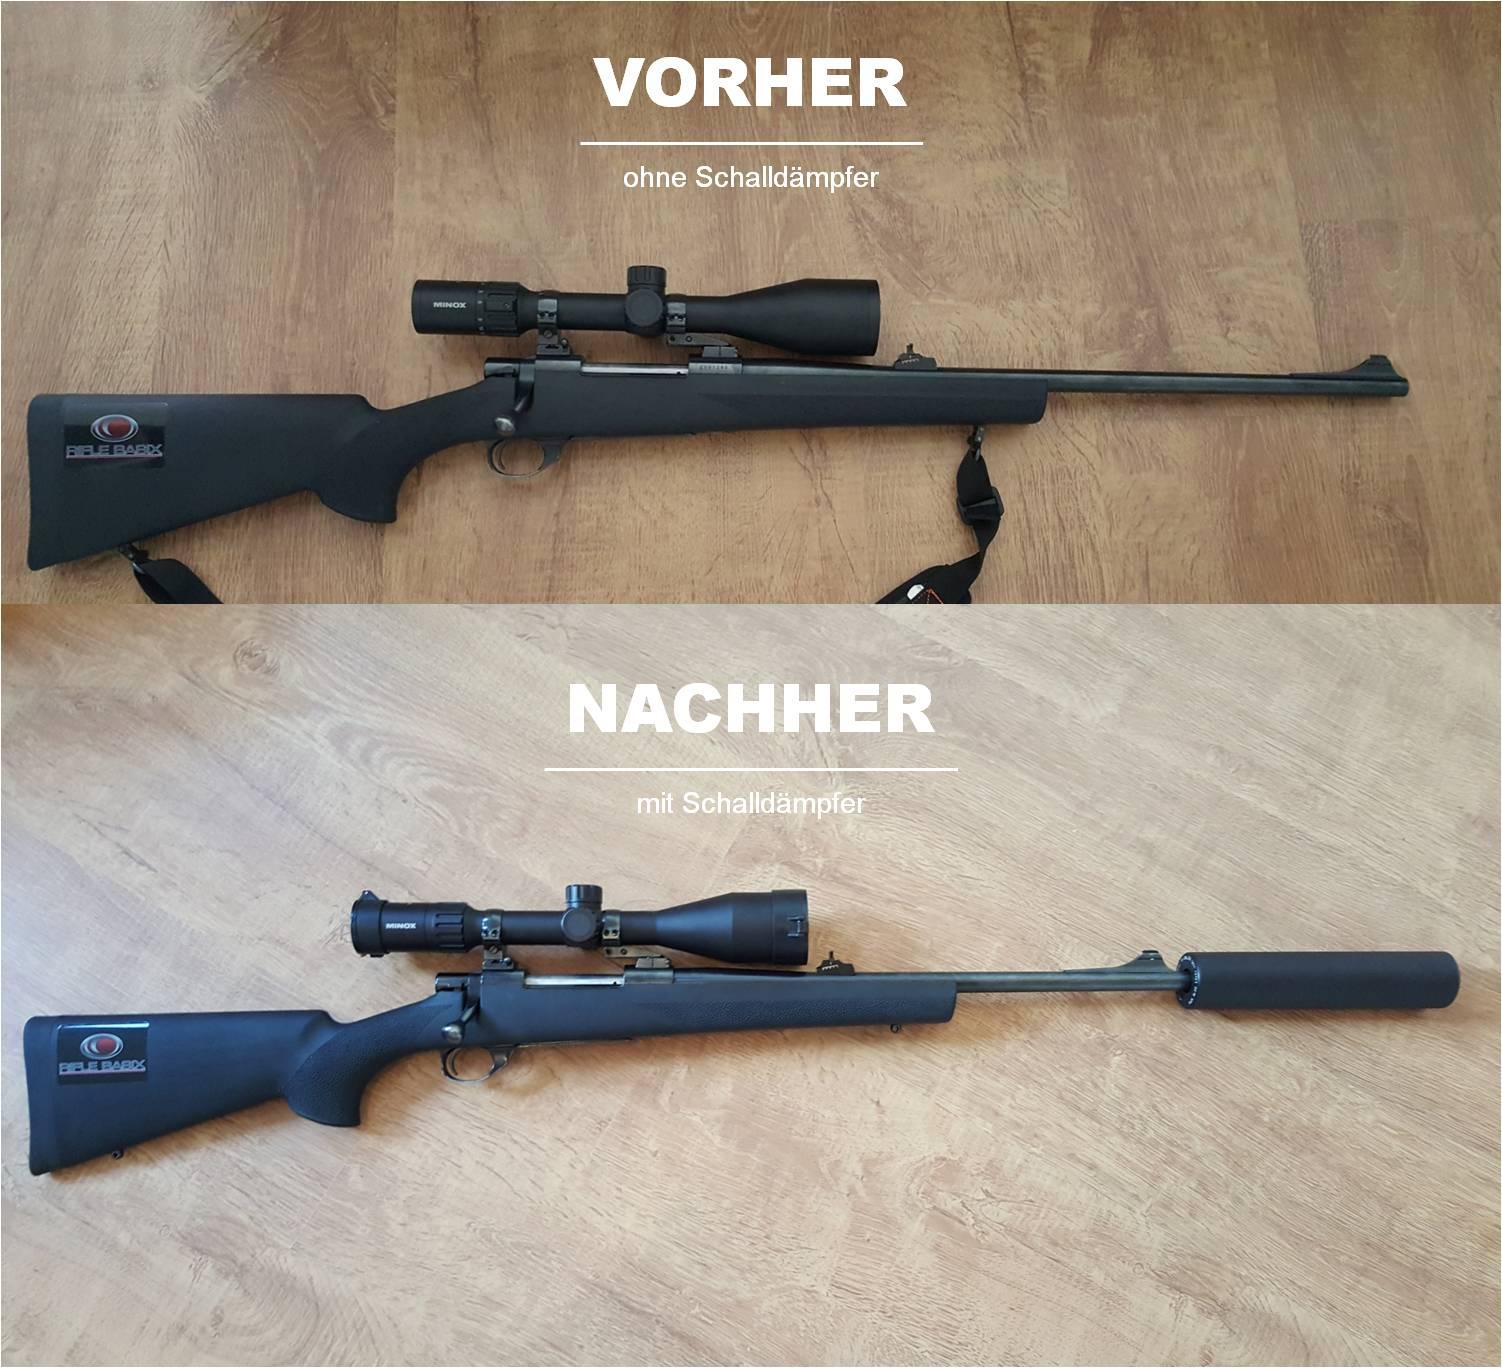 Die Waffe mit und ohne Schalldämpfer
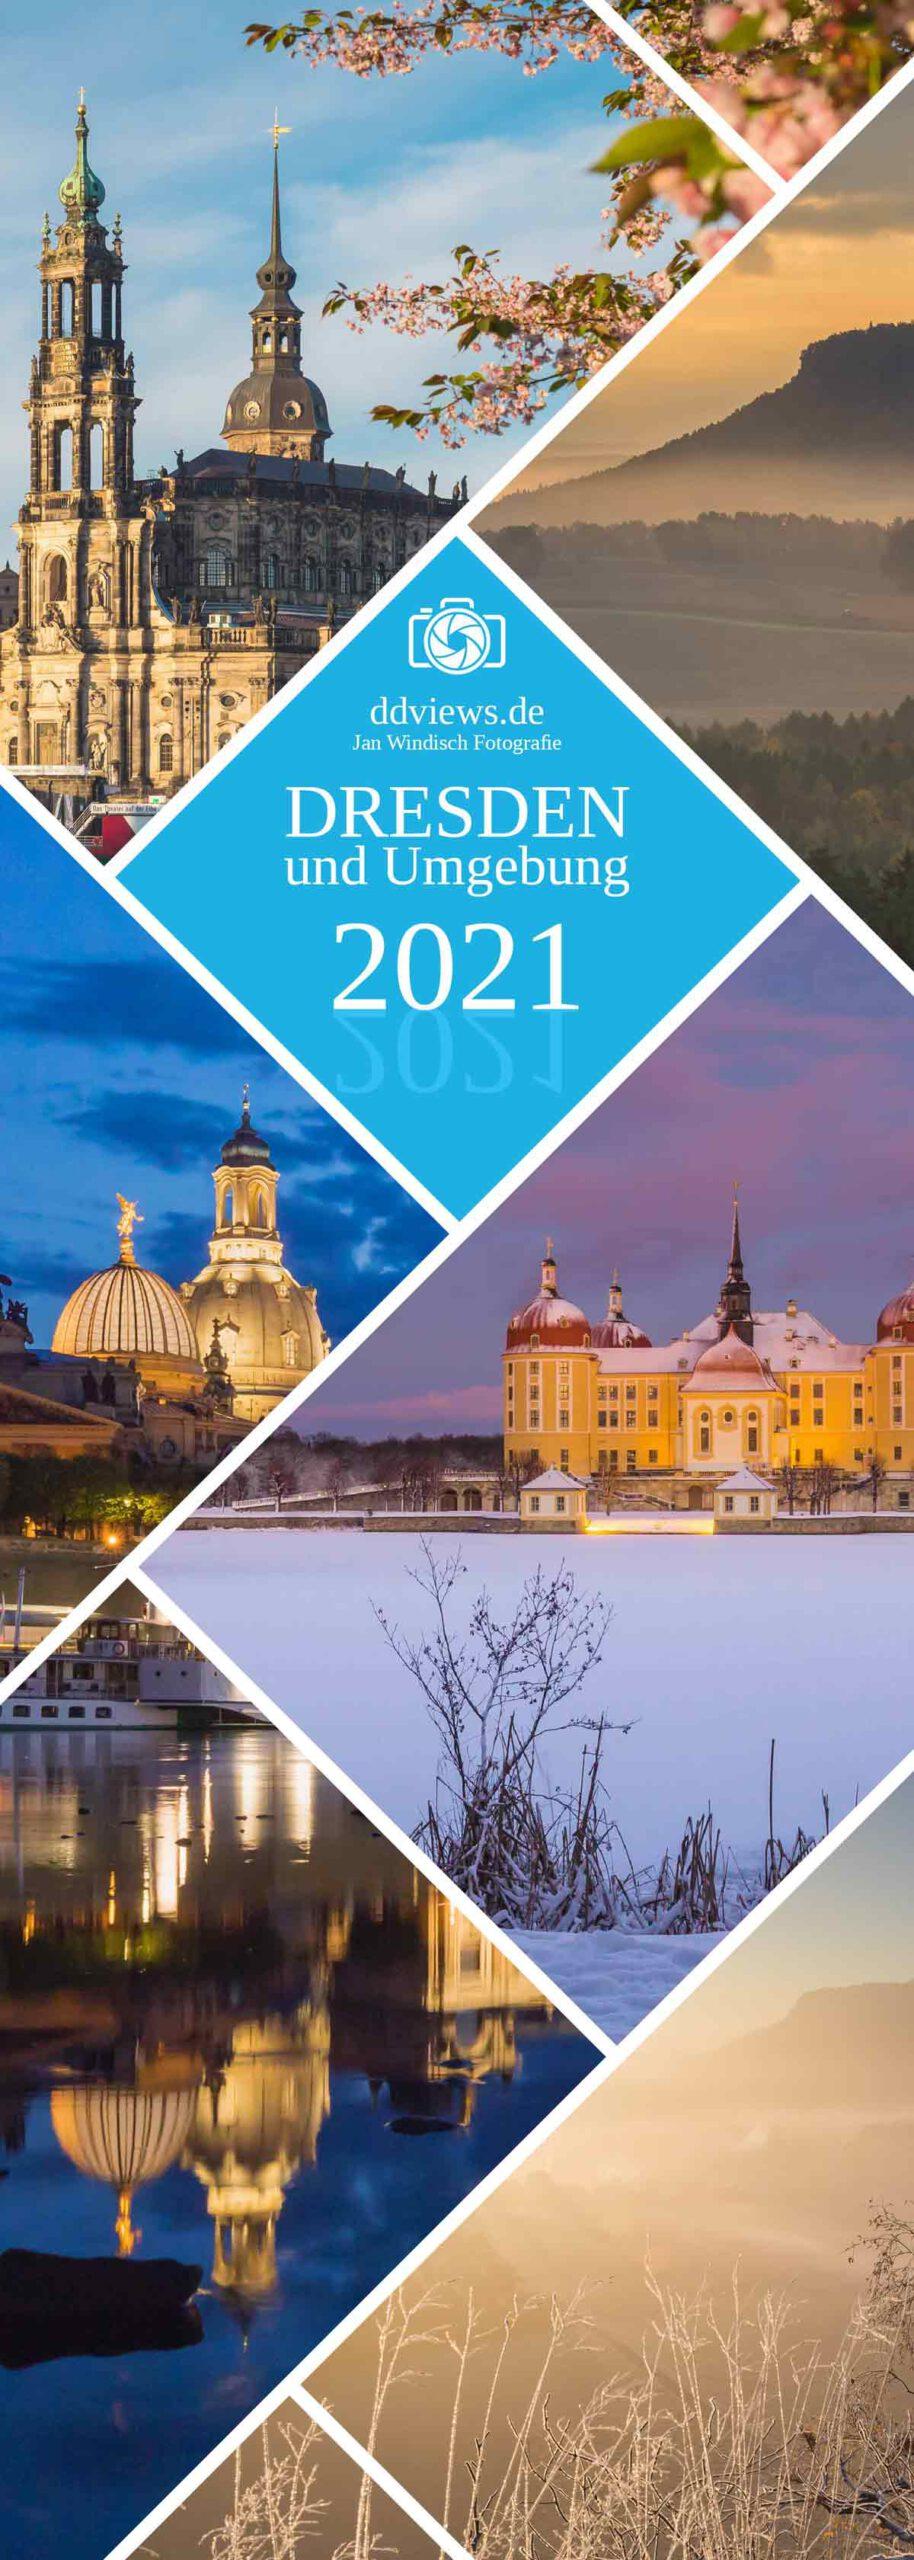 Dresden Streifenkalender
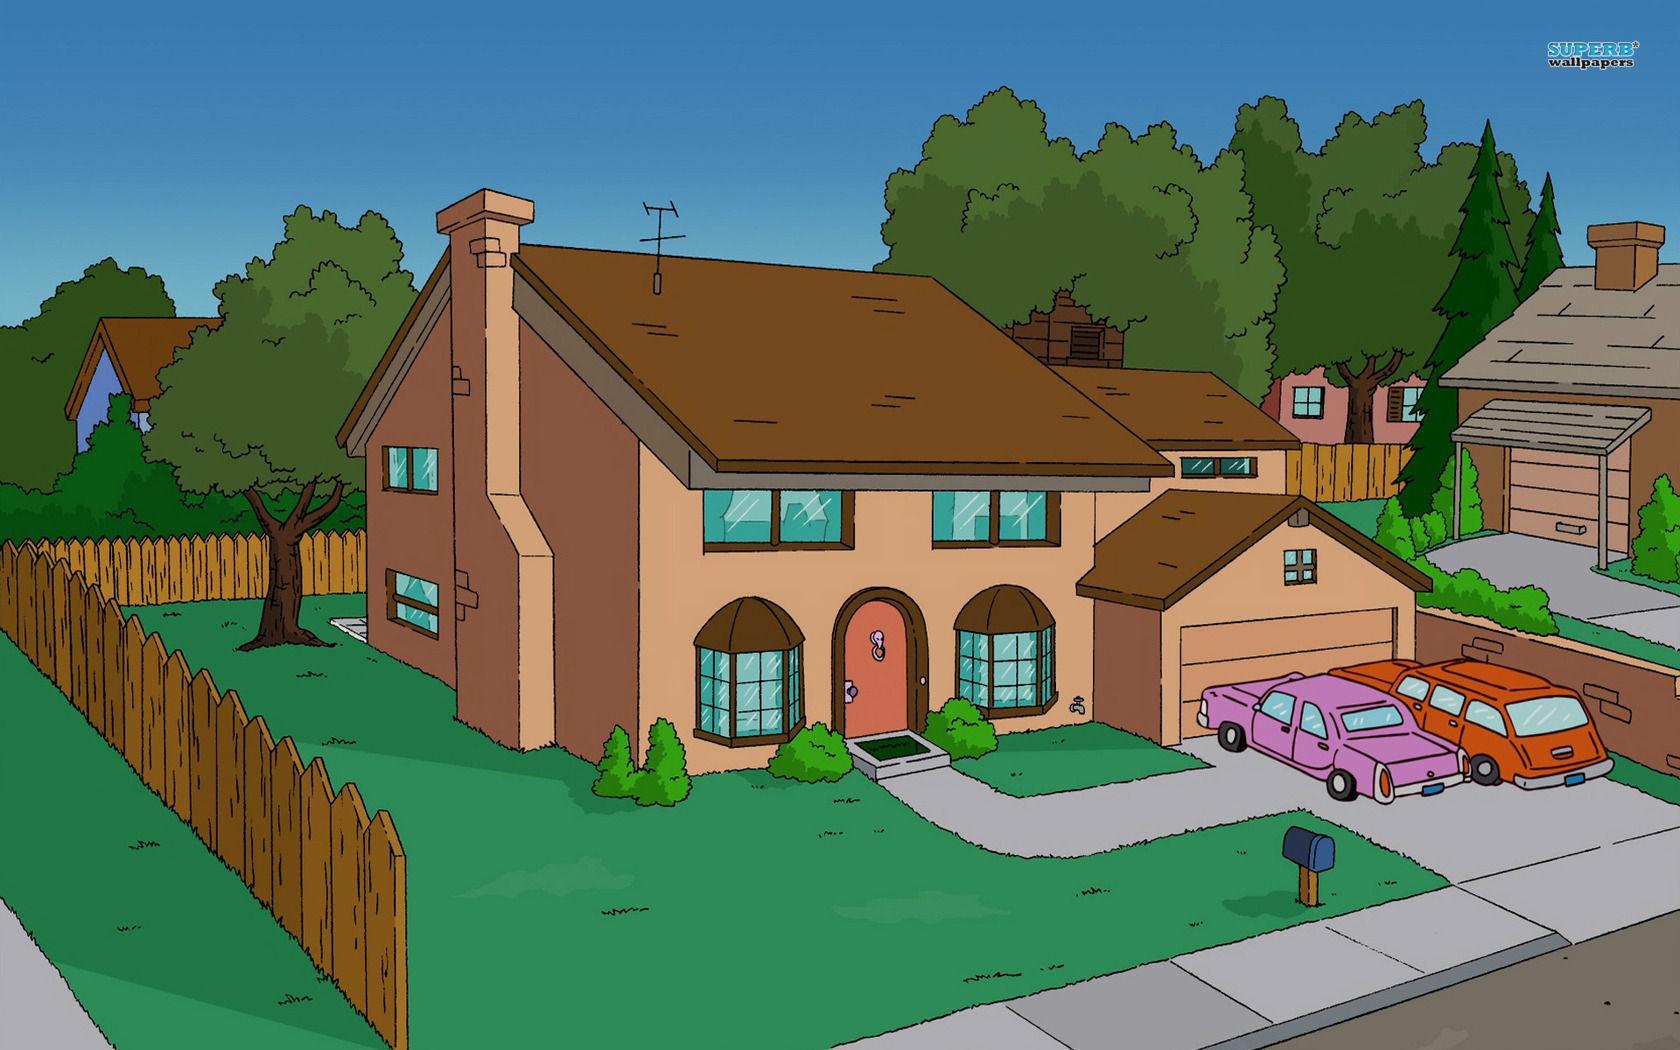 ¿Cuál es la dirección de los Simpsons?
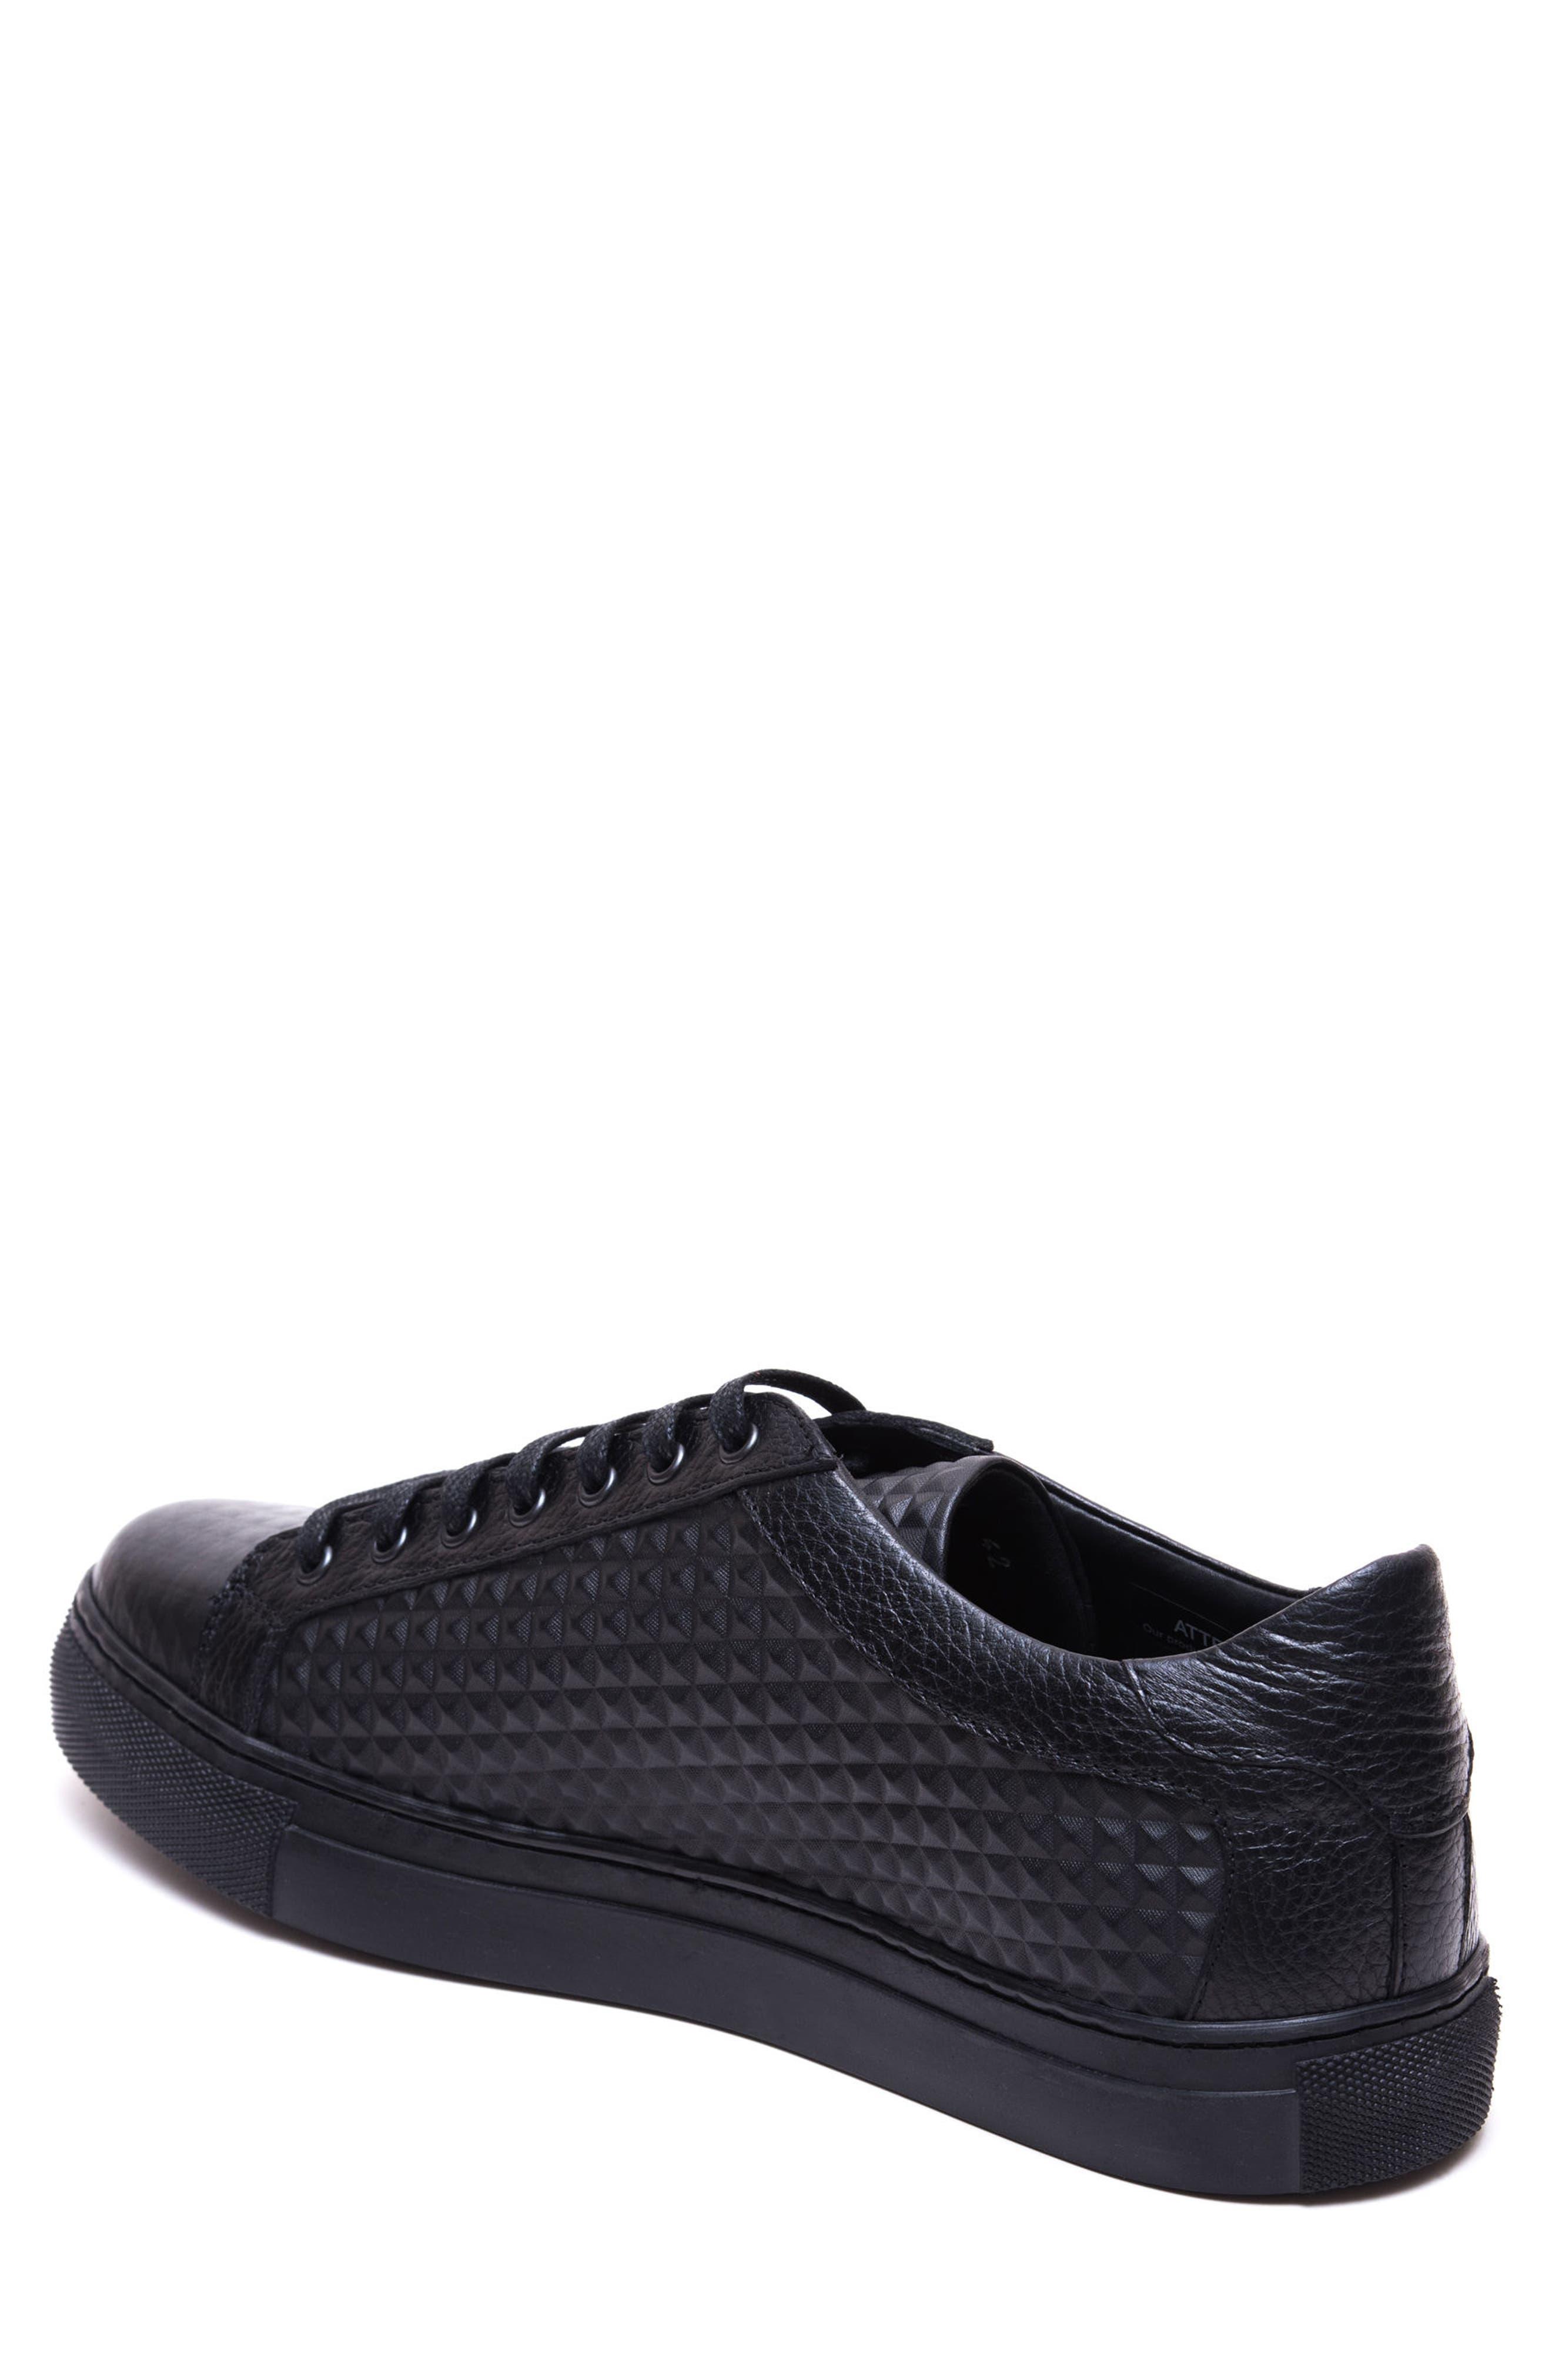 Scott Leather Sneaker,                             Alternate thumbnail 3, color,

______________________________

### DIRECTIONS:
Reprint the listing above verbatim but drop the images.

### RESULT OF THIS TASK:
 Die Waffe mit und ohne Schalldämpfer
 Dresden Streifenkalender
 ¿Cuál es la dirección de los Simpsons?
 Scott Leather Sneaker,                             Alternate thumbnail 3, color,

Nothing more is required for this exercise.